Br J Diabetes 2021;21:84-88

Key words: education, self-management, type 1 diabetes


Type 1 diabetes is a complex medical condition and, despite advances in insulin delivery and therapy, many people do not achieve optimal glycaemic control and are at risk of hypoglycaemia and long-term diabetes-related complications. Changes in glucose monitoring have revolutionised care. Continuous glucose monitoring using interstitial glucose levels to aid self-management have shown improvements in hypoglycaemia and glycaemic control.1,2 However, funding restrictions in the UK have limited its use. Flash glucose monitoring (FGM) became available on the UK National Health Services drug tariff in 2017 for people with type 1 diabetes.3 FGM requires a sensor to be placed on a person’s arm which lasts up to 14 days to measure interstitial glucose levels. This provides an individual with a clearer awareness of glucose levels during the day and night, enhancing positive decision making.
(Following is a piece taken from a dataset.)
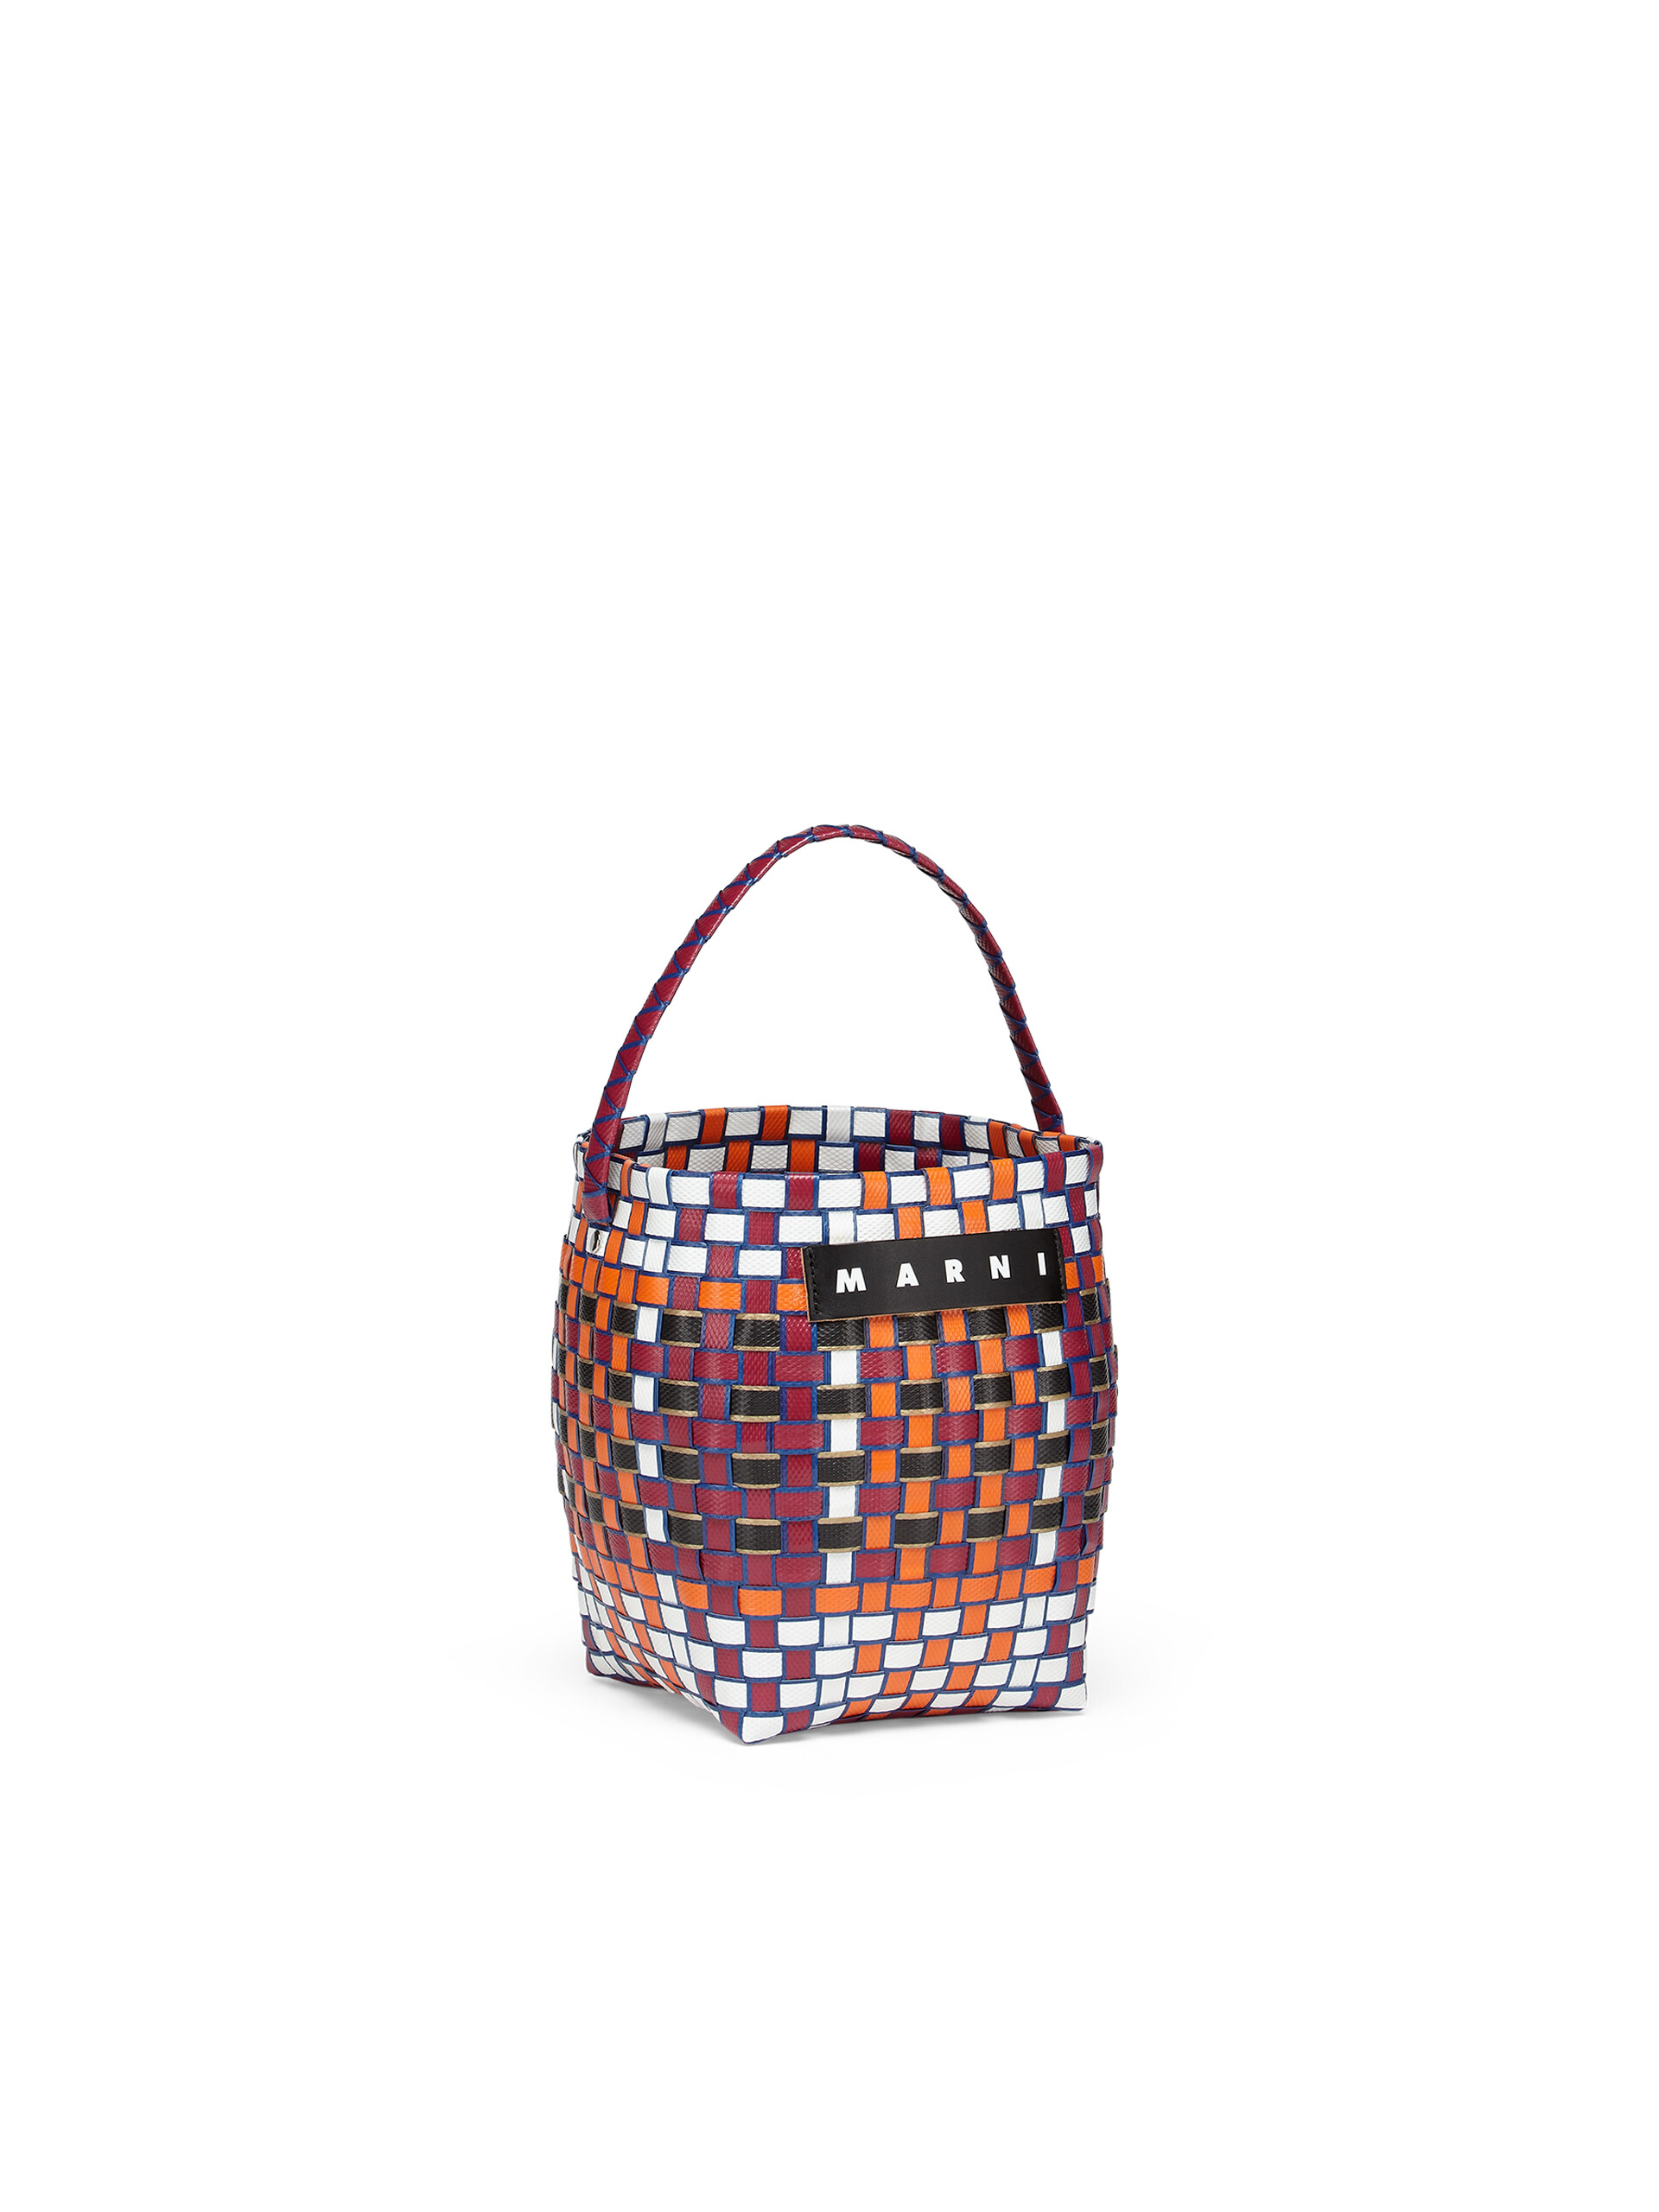 MARNI MARKET POD BASKET bag in orange woven material - Shopping Bags - Image 2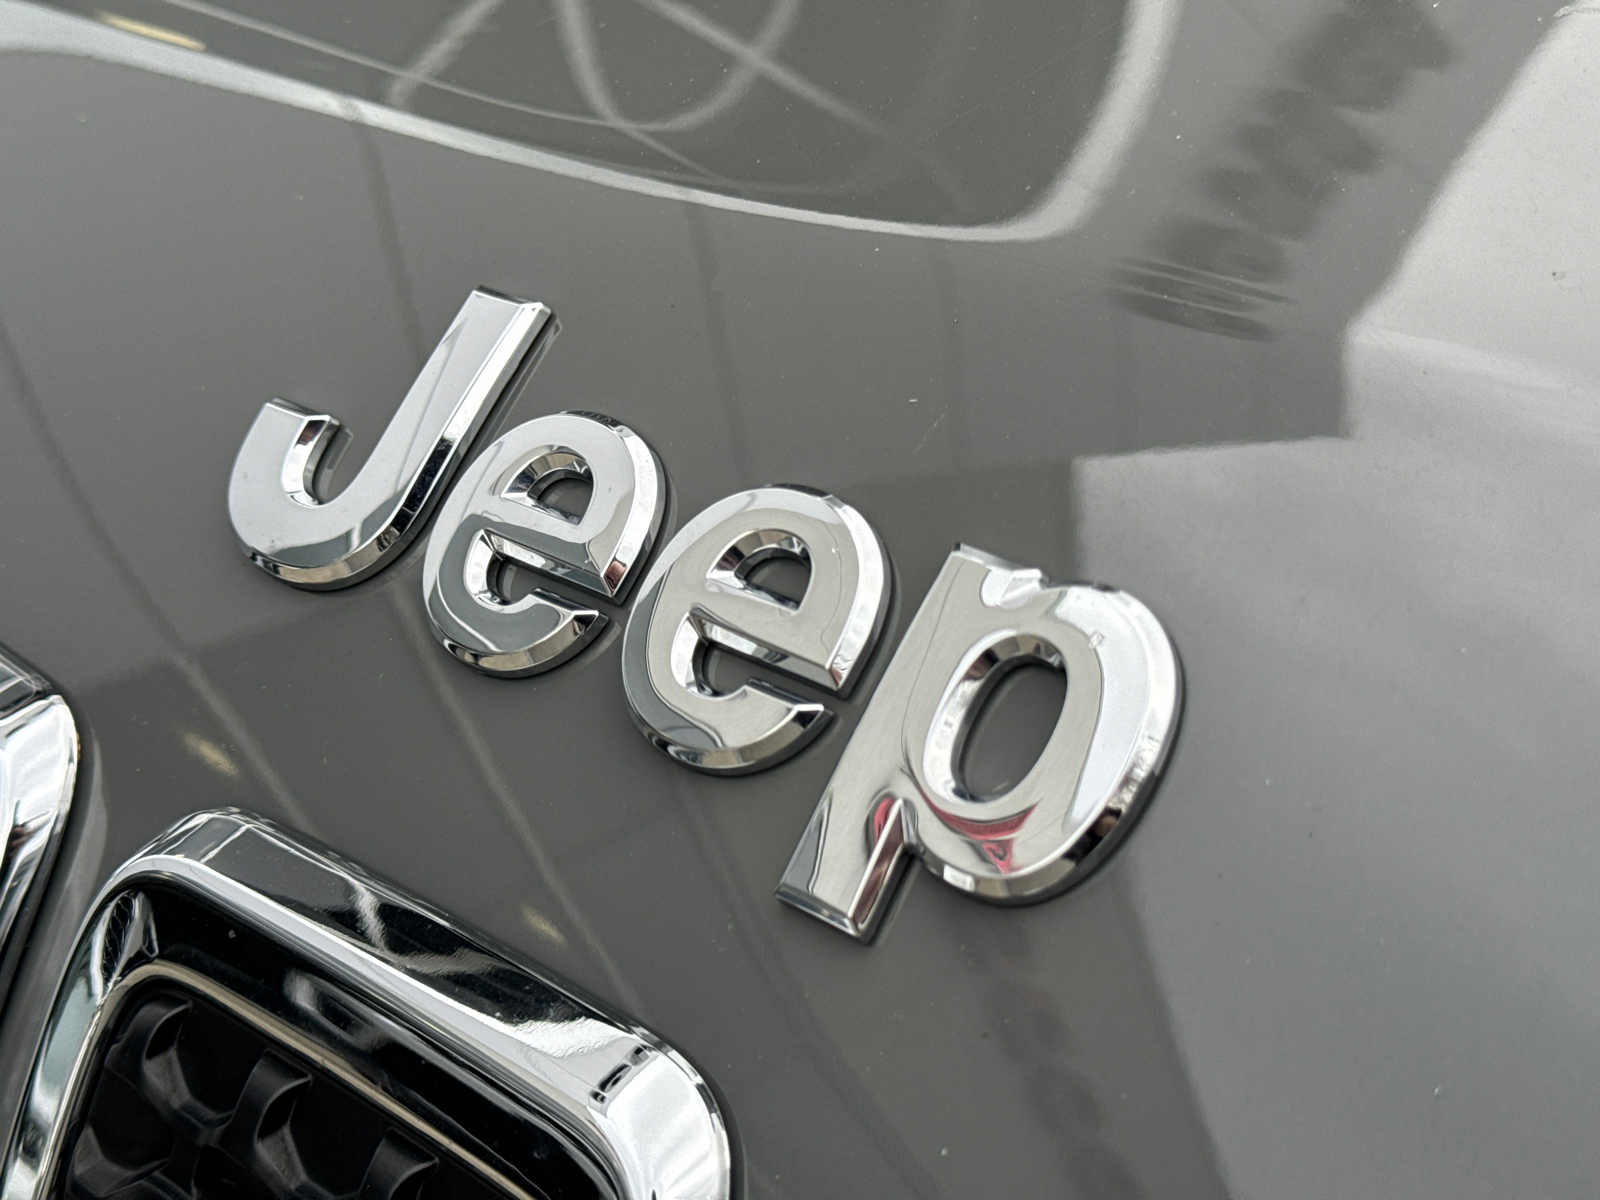 2021 Jeep Cherokee Limited 11

Early clinical trial data are very promising, with randomised controlled trials demonstrating a reduction in hypoglycaemia for people with type 1 diabetes.4 In addition, the largest real-world data from the UK nationwide study of FGM in people with type 1 diabetes have also recently published results demonstrating improvement in glycaemic control, hypoglycaemia awareness, reduced diabetes-related distress and reduced hospital admissions.5

NHS England (NHSE) have produced recommendations for Clinical Commissioning Groups (CCGs), which set out the criteria for people suitable for FGM including the need for education and follow-up. NHSE currently reimburses CCGs for each set of sensors prescribed for up to 20% of their population with type 1 diabetes – minus a proportion of cost savings from reduced requirement to fund test strips for this group.3

We present clinical outcomes combining initiation of FGM, attendance at an accredited 1-day structured education and formal 6-month review process for people with type 1 diabetes meeting NHSE criteria for FGM reimbursement. We have named the accredited 1-day (7-hour) structured education programme Cedric as it is held at the Centre for Endocrinology, Diabetes and Research centre (CEDAR). Cedric is formally accredited by the Quality Institute for Self Management Education and Training (QISMET) and was developed by the diabetes team at Royal Surrey NHS Foundation Trust. It is aimed at people in employment with limited time. It is held on a Friday to limit inconvenience and is designed to empower people with type 1 diabetes to manage their diabetes care and the associated emotional challenges.


Clinical pathway

People with type 1 diabetes from Guildford and Waverley CCG and neighbouring CCGs who met the NHSE criteria for FGM reimbursement from April 2018 onwards were included. Following collaboration with Guildford and Waverley CCG, a patient initiation pathway was agreed. This pathway was subsequently adopted by neighbouring CCGs and is shown in Appendix 1 (available online at Eligible individuals were informed of the pathway and a formal contract with personalised goals was set to be achieved during the 6-month trial. The contract was signed by the individual and medical professional and a copy was sent to their general practitioner (GP). Participants completed a 2-hour online FGM academy training module and were enrolled in the face-to-face structured education course.6 The structured education course lasted 7 hours and covered key self-management topics including what diabetes is, diabetes control and targets, carbohydrate counting and individual insulin adjustment, hypoglycaemia awareness, exercise and physical activity adjustments, illness and sick day rules in addition to annual diabetes review and complication awareness.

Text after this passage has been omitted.